ABOUT THIS TASK:
The records, repeated exactly and in full, are the expected answer.

DATA FOR REVIEW:
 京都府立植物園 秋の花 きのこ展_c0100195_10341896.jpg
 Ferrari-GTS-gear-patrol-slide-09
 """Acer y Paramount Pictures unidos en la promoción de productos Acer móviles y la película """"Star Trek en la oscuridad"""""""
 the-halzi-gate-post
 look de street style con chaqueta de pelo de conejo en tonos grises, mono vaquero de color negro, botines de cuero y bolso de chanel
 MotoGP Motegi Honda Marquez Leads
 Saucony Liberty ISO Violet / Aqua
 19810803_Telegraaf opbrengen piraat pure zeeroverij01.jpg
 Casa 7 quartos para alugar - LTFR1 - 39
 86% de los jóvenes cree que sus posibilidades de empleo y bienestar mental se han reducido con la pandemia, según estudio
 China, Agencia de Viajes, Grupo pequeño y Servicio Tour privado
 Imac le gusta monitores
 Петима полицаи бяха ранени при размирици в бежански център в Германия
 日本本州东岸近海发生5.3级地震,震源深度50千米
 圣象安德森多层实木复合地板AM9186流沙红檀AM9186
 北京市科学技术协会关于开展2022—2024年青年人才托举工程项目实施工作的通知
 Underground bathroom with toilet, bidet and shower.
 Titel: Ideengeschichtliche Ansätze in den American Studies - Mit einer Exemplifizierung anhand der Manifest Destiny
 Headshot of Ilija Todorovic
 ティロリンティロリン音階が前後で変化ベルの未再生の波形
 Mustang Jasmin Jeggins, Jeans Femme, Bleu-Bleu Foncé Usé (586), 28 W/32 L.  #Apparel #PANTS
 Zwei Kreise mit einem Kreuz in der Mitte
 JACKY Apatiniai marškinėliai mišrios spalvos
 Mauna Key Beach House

PROBLEM SOLUTION:
 京都府立植物園 秋の花 きのこ展_c0100195_10341896.jpg
 Ferrari-GTS-gear-patrol-slide-09
 """Acer y Paramount Pictures unidos en la promoción de productos Acer móviles y la película """"Star Trek en la oscuridad"""""""
 the-halzi-gate-post
 look de street style con chaqueta de pelo de conejo en tonos grises, mono vaquero de color negro, botines de cuero y bolso de chanel
 MotoGP Motegi Honda Marquez Leads
 Saucony Liberty ISO Violet / Aqua
 19810803_Telegraaf opbrengen piraat pure zeeroverij01.jpg
 Casa 7 quartos para alugar - LTFR1 - 39
 86% de los jóvenes cree que sus posibilidades de empleo y bienestar mental se han reducido con la pandemia, según estudio
 China, Agencia de Viajes, Grupo pequeño y Servicio Tour privado
 Imac le gusta monitores
 Петима полицаи бяха ранени при размирици в бежански център в Германия
 日本本州东岸近海发生5.3级地震,震源深度50千米
 圣象安德森多层实木复合地板AM9186流沙红檀AM9186
 北京市科学技术协会关于开展2022—2024年青年人才托举工程项目实施工作的通知
 Underground bathroom with toilet, bidet and shower.
 Titel: Ideengeschichtliche Ansätze in den American Studies - Mit einer Exemplifizierung anhand der Manifest Destiny
 Headshot of Ilija Todorovic
 ティロリンティロリン音階が前後で変化ベルの未再生の波形
 Mustang Jasmin Jeggins, Jeans Femme, Bleu-Bleu Foncé Usé (586), 28 W/32 L.  #Apparel #PANTS
 Zwei Kreise mit einem Kreuz in der Mitte
 JACKY Apatiniai marškinėliai mišrios spalvos
 Mauna Key Beach House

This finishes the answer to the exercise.